Cypress interrupted, "I thought there were just two pocket monsters? Where's Prim?"

"Remember how I told you how they met in the woods? Prim, the mindless vessel had its eyes on her, who was holding something that greatly interests it. It is its heart, a seed which appears like a glowing gem."

"I don't remember that, Dad."

"You don't? I seemed to have told you that already." After a brief pause I continued, "Prim had sat on its haunches like a dog, still fixated on the gem seed. Azalea, out of a fascination with the creature had examined it in all of its angles. She would just sway Prim's hands away in each of its attempts on getting a hold of the item, reprimanding it along the way.

"But she'd been out of the halo long enough. The glow of the gem seed had attracted more and more of the Seires. The throngs of them had been looming even with a little light. Whispers of what seemed like leaves rustling were heard, or should I speak of it as a budding rumbling from the Seires's footsteps.

"She quickly turned and rushed back inside. While doing so, she had the gem seed slice a small cut on Prim's forehead. Her last glimpse before everything becomes temporarily blinding was that of a crimson petal that grew from the crevice. She tried to peek anew but Prim pushed her back inside.

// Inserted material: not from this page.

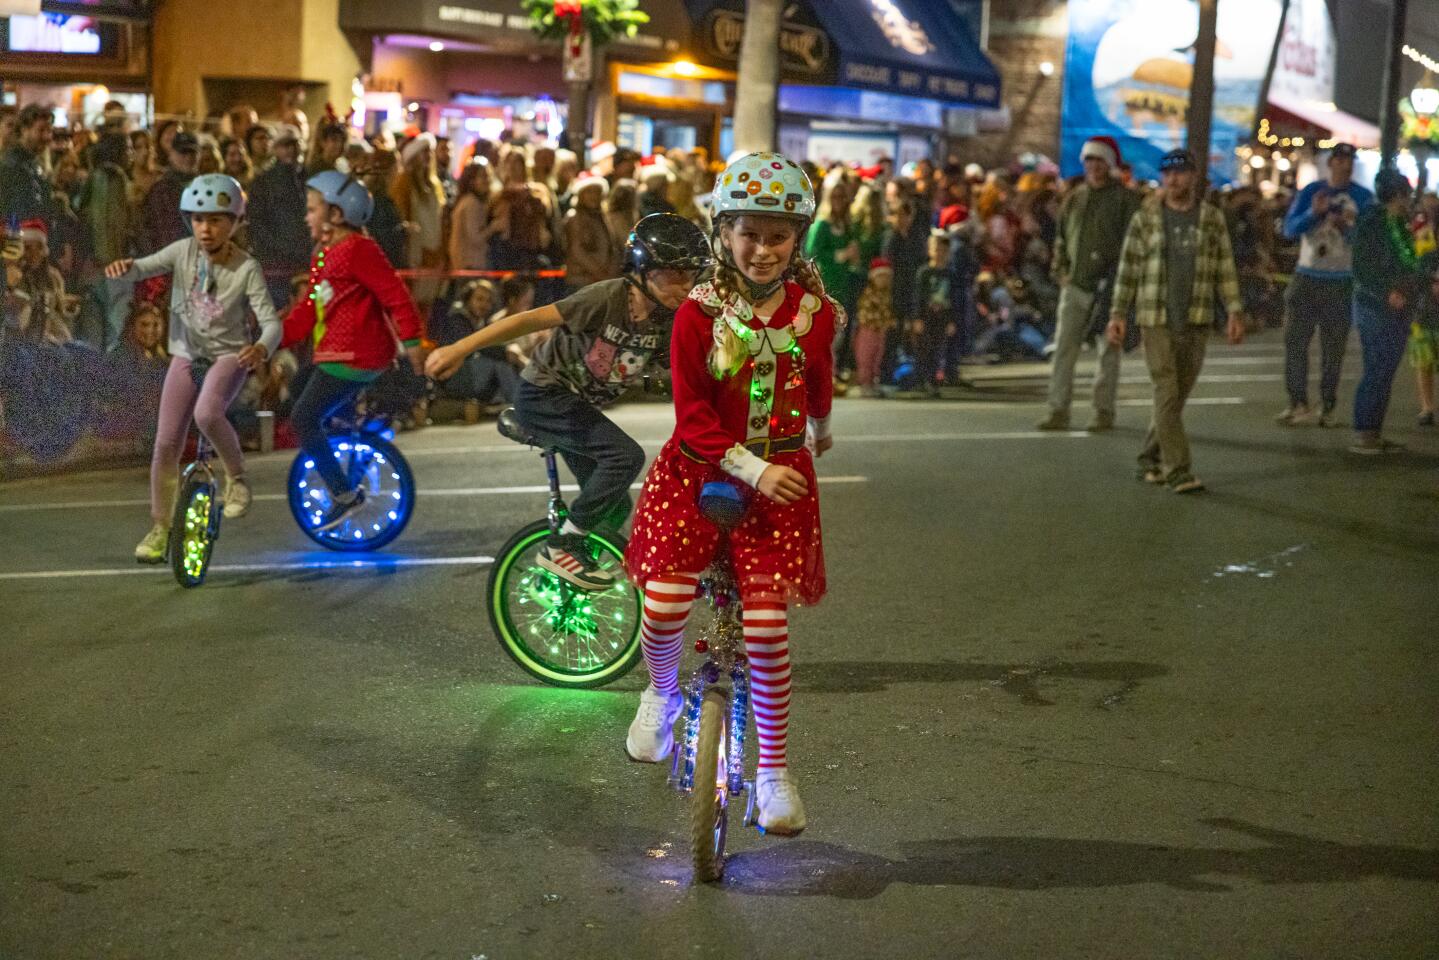 Ocean Beach Holiday Parade lights up the coast Point Loma & OB Monthly

"She scampered back to her grandfather. He greeted her with open arms. Although afraid of what might have been her fate, he was exulted deep inside that someone will continue his efforts. He knows that all of his stories, his teachings had been working. He knows that it is a big quest to pass down. But Azalea, being one of the few who successfully plucked a seed from Amaltea, raises high hopes."

A soft snore had stopped me from continuing the story. Cypress's head is pressed on my chest, smiling with eyes fully shut. I carefully brought her up to my bed and tucked her nicely in my blankets.

Her mere serenity felt so contagious. All of the work I've done today had finally conquered my mortal body. I guess I'll stay with you tonight and call this a day… although it's past midnight. I do hope I remember all of these details tomorrow.